In 1533 the first Spaniards to reach Cusco, capital of the sprawling Inca Empire, discovered temples covered with gold plates, altars and fountains similarly glimmering and architecture whose stonework rivaled or surpassed anything comparable in Europe. But the greatest surprise came when two soldiers entered one well-constructed palace of a dead emperor and found that he and his deceased wife were—in the eyes of the Inca—still alive.
In the palace’s inner sanctum they found an old woman wearing a gold mask, waving a fan to keep flies off the immobile pair. The couple were no longer breathing but sat upright, perfectly mummified. They and their attendants wanted for nothing: Family members interpreted their wishes and benefited from the wealth the dead still owned. During holy festivals the dead ancestors were paraded behind the living emperor, their history and achievements adding to those of the living.

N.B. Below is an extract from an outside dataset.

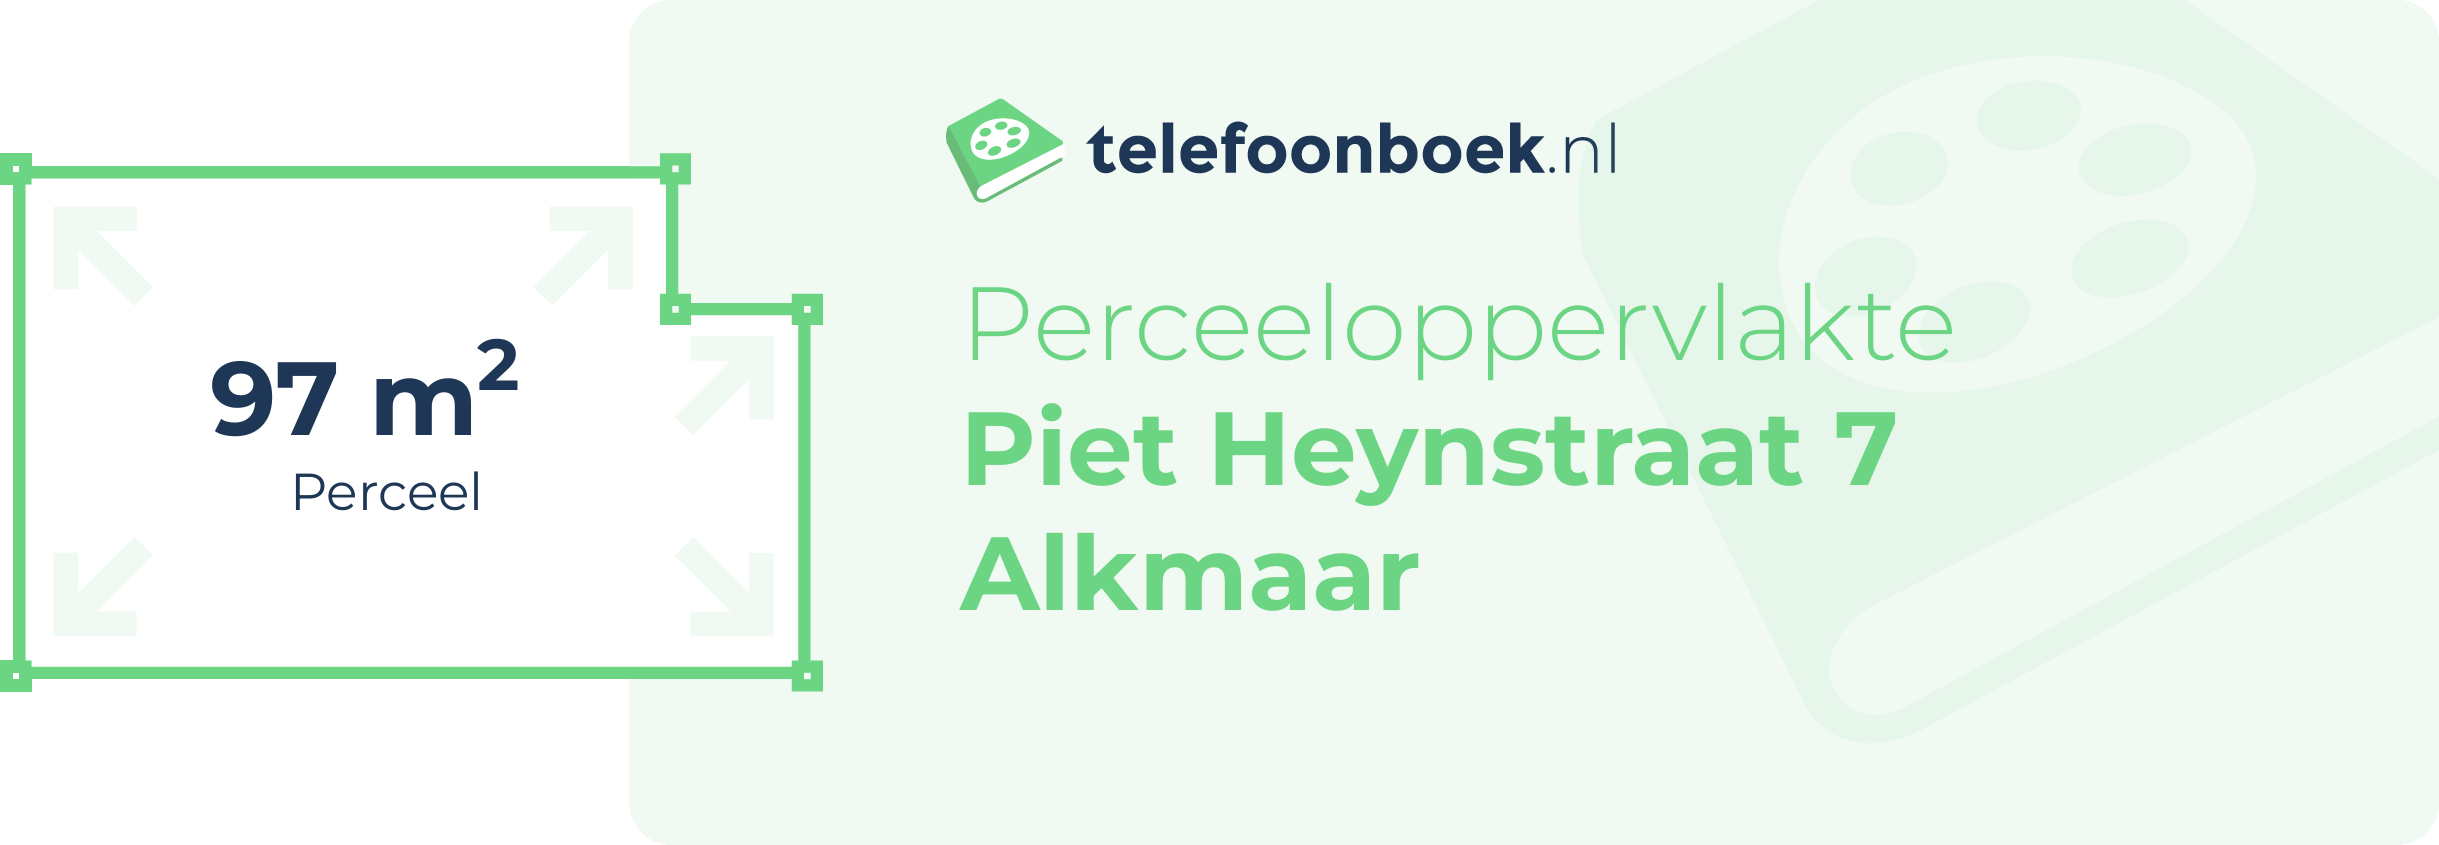 Perceeloppervlakte Piet Heynstraat 7 Alkmaar

Of this, the Spaniards would learn later. At the time, the soldiers deferred to the mummies’ power even as they defied it. The Spaniards took all the gold from the dead couple in front of them but incongruously, in a sign of respect, agreed to take their shoes off before doing so. Such was the power that the ancient Andean dead wielded over the living, even when the Spaniards would later deny—nervously—their continuing vitality. And if measured in the true wealth the mummies still possessed—which was the people they sustained and who looked up to them—the Inca emperors achieved more in death than most of us do in a lifetime.
In that, the Inca were hardly alone. In the Andes, mummification was a way of preserving power, not memorializing it. As the Spanish discovered, the western spine of South America might be the Earth’s largest natural laboratory for making mummies. The sands of its bone-dry coast, stretching from Peru down to northern Chile, first made them naturally.
Then, 7,000 years ago, the Chinchorro people learned to mummify their dead—2,000 years before the ancient Egyptians. Archaeologists now think that artificial mummification transformed loved ones into representatives of the community—ambassadors to the natural world who ensured the fertility of their descendants and their resources. It also may have been a way of understanding and ritualizing the everyday experience of encountering the dead, preserved and exposed by the passage of time in desert sands, on cold, dry peaks and across high plains.
By the time Inca expansion began in the 1200s, highland Andean peoples were placing their ancestors in caves or similarly accessible burial towers—chullpas, whose location marked resources and divided territory. Whether permanently buried or temporarily interred, sometimes to be taken out and danced with, the mummies remained in an important way alive: like a dry seed, ready to bloom. Not dead but slowed, they brimmed with extraordinary invisible strength.
The oldest among them could also become huacas, holy things. The Inca Empire was able to spread as quickly as it did in part because of its fluency with this shared Andean idiom of divine ancestry. The Inca would honor—and control—their subjects’ most revered mummified dead by taking them to Cusco and worshipping them there. In exchange, subject lords were called upon to recognize that the Inca, as children of the sun, were the ancestors of all humanity; they were sometimes enjoined to offer their own sons and daughters to the empire, to be pampered, taught and then sacrificed and planted on sacred mountaintops, where they themselves were naturally preserved.